«Fleabag»: No hay forma más elegante de decir adiós

En su temporada final, la serie creada por Phoebe Waller-Bridge se ha confirmado como una obra imprescindible

En su temporada final, la serie creada por Phoebe Waller-Bridge se ha confirmado como una obra imprescindible.

Es probable que usted ya conozca a «Fleabag». Que sepa de su habilidad para hacer humor negro mientras se ahoga en el dolor y la soledad, y torpedea su vida cediendo a sus impulsos más autodestructivos. Que conozca su hábito de romper la cuarta pared –de forma más frecuente y efectiva que nadie en la historia reciente de la televisión–, para compartir con nosotros sus pensamientos sobre asuntos como la familia, el feminismo y la sodomía. Si usted no conoce todo eso, debería. «Fleabag» es, en sus propias palabras, «una mujer codiciosa, pervertida, egoísta, apática, cínica, depravada y moralmente fallida». También es totalmente encantadora.

Y la segunda y última temporada de la serie que protagoniza es tan hilarante, tan profunda, tan llena de mala leche y a la vez de ternura y, en general, tan satisfactoria que resulta casi milagrosa. Después de todo, ni siquiera estaba previsto que existiera. «Fleabag» fue concebida por Phoebe Waller-Bridge –su guionista, directora, protagonista y autora total– como un relato de seis únicos episodios; y a lo largo de ellos la antiheroína titular se abrió en canal de forma tan completa, rompiendo todas y cada una de sus defensas emocionales, que era casi sádico esperar más de ella.
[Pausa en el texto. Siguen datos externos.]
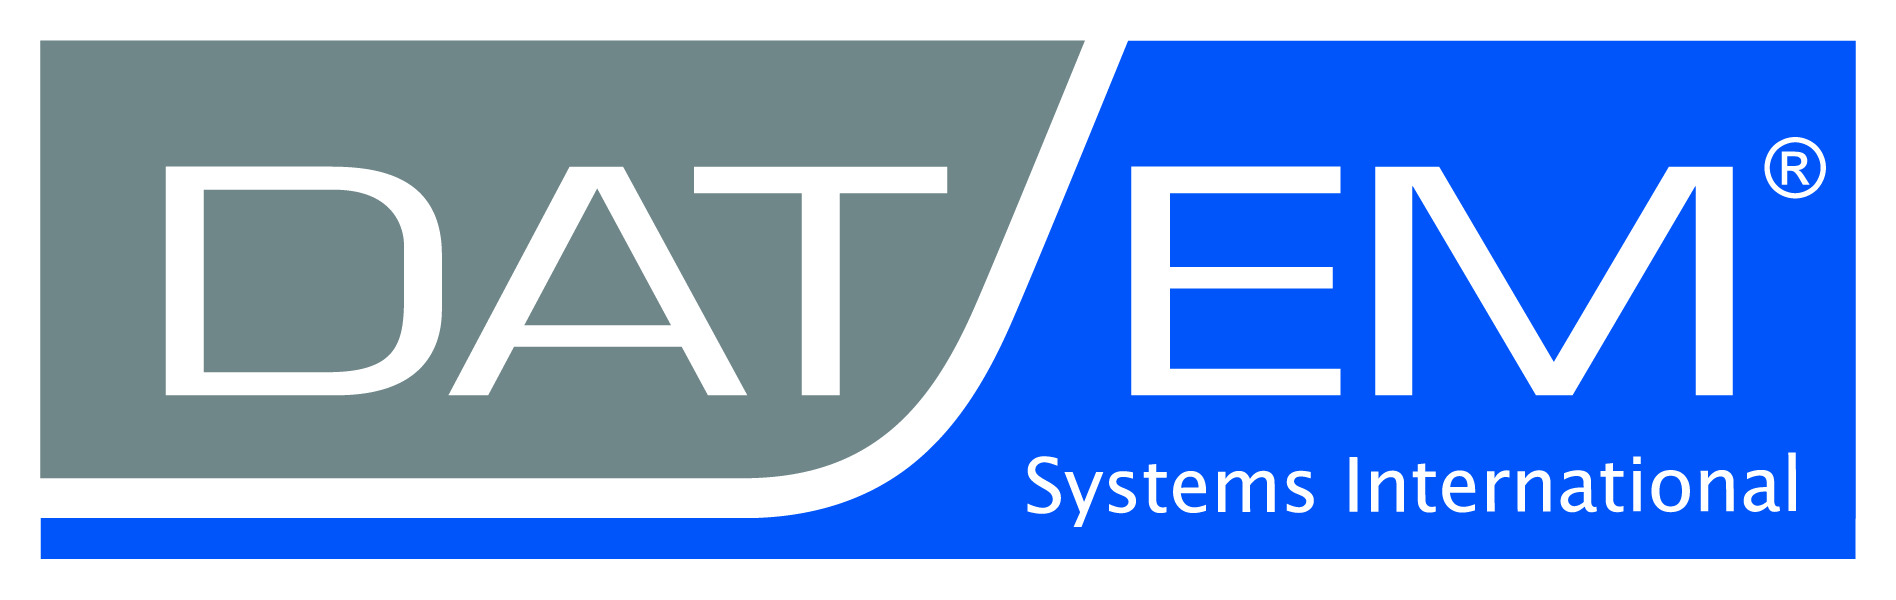 Camp Systems International Inc. лого. Woodfield Systems International лого. Лого IFAT International. Imex логотип.

Y pese a ello, decimos, en su segunda mitad la serie la da todo: lágrimas, violencia, escenas de sexo, chistes de pedos, diálogos llenos de ingenio, traumas, cobayas y hámsteres, flashbacks y personajes perfectamente modulados. Y, mientras lo hace, saca el máximo partido de cada escena y cada plano, a menudo para pasar del «slapstick» a la tragedia o de la tragedia al «slapstick» en apenas unos segundos.

Al final de la primera temporada, en efecto, «Fleabag» había tocado fondo. Acababa de quemar puentes con su padre, su hermana y su novio, y se había visto enfrentada a reflexionar sobre su propio papel en el suicidio de su mejor amiga. Ambientada poco más de un año después, la segunda sitúa al personaje en un lugar marginalmente mejor. Ya no se acuesta con todo lo que se menea, y su pequeña cafetería por fin tiene clientes. Por lo demás, eso sí, sigue empeñada en tomar una decisión equivocada tras otra.

La más importante de ellas, sin duda, es encapricharse de un sacerdote. Al principio simplemente parece darle morbo la idea de formar parte de un triángulo amoroso con el Todopoderoso, pero no tarda en comprender que lo que siente por aquel cura es algo serio; que ella, una mujer sexualmente voraz y alegremente nihilista, no puede dejar de pensar en un hombre testarudamente célibe y convencido de que Dios tiene un plan para todos nosotros. ¿Cómo no va a poner eso su mundo patas arriba? Y en paralelo Fleabag transita a través de una segunda historia de amor, la que comparte con su hermana Claire. Son dos mujeres tan distintas y a la vez tan unidas entre sí que la gama de registros emocionales que marcan su relación es inagotable.

A medida que la temporada y la serie avanzan hacia su resolución, en todo caso, las relaciones de Fleabag con otras personas demuestran ser secundarias respecto a su problemática relación consigo misma. Y en sus últimas escenas con nosotros la joven parece convencida de que, sí, que puede sobrevivir. Pero para conseguirlo necesita decirnos adiós para siempre. Porque su interacción con el espectador requiere drama y disfunción; y porque para que su vida sea más feliz y estable tiene que transcurrir de espaldas a nosotros.